**ACTIVITY**
Retype, word for word, every line from the one holding "Во время разгона" through the one holding "H&M Girls Puff-Sleeved Dress" in the entries below, both included, and only those lines.

**EXERCISE MATERIALS**
○ ○ ○ ○ ○
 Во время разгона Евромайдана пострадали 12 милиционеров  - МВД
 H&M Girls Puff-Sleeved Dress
○ ○ ○ ○ ○
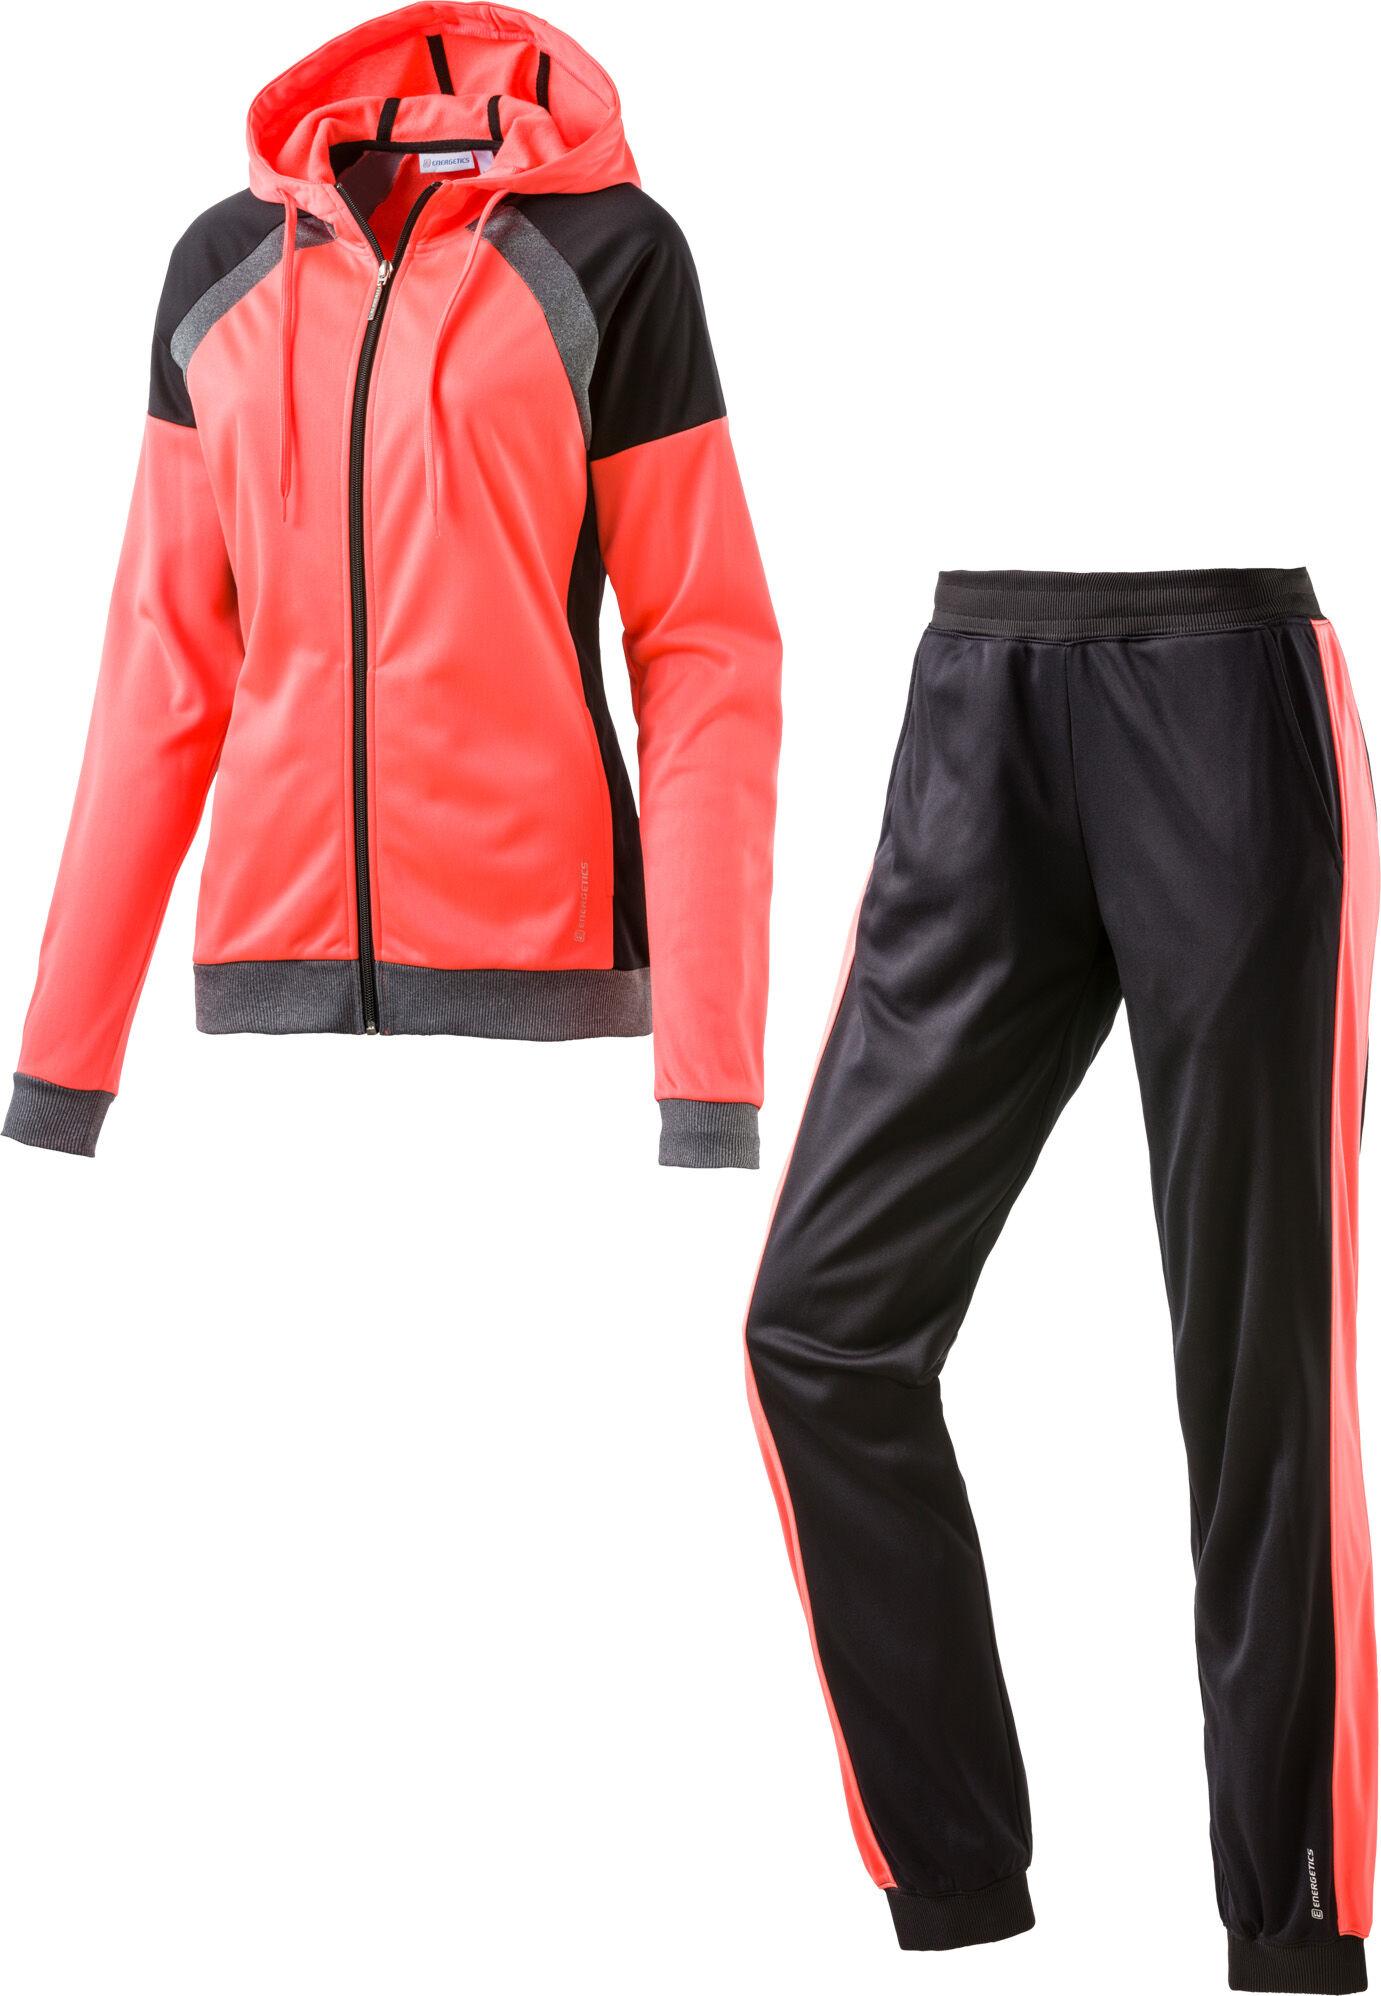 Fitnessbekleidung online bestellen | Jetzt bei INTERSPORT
○ ○ ○ ○ ○
**WRITTEN SOLUTION**
 Во время разгона Евромайдана пострадали 12 милиционеров  - МВД
 H&M Girls Puff-Sleeved Dress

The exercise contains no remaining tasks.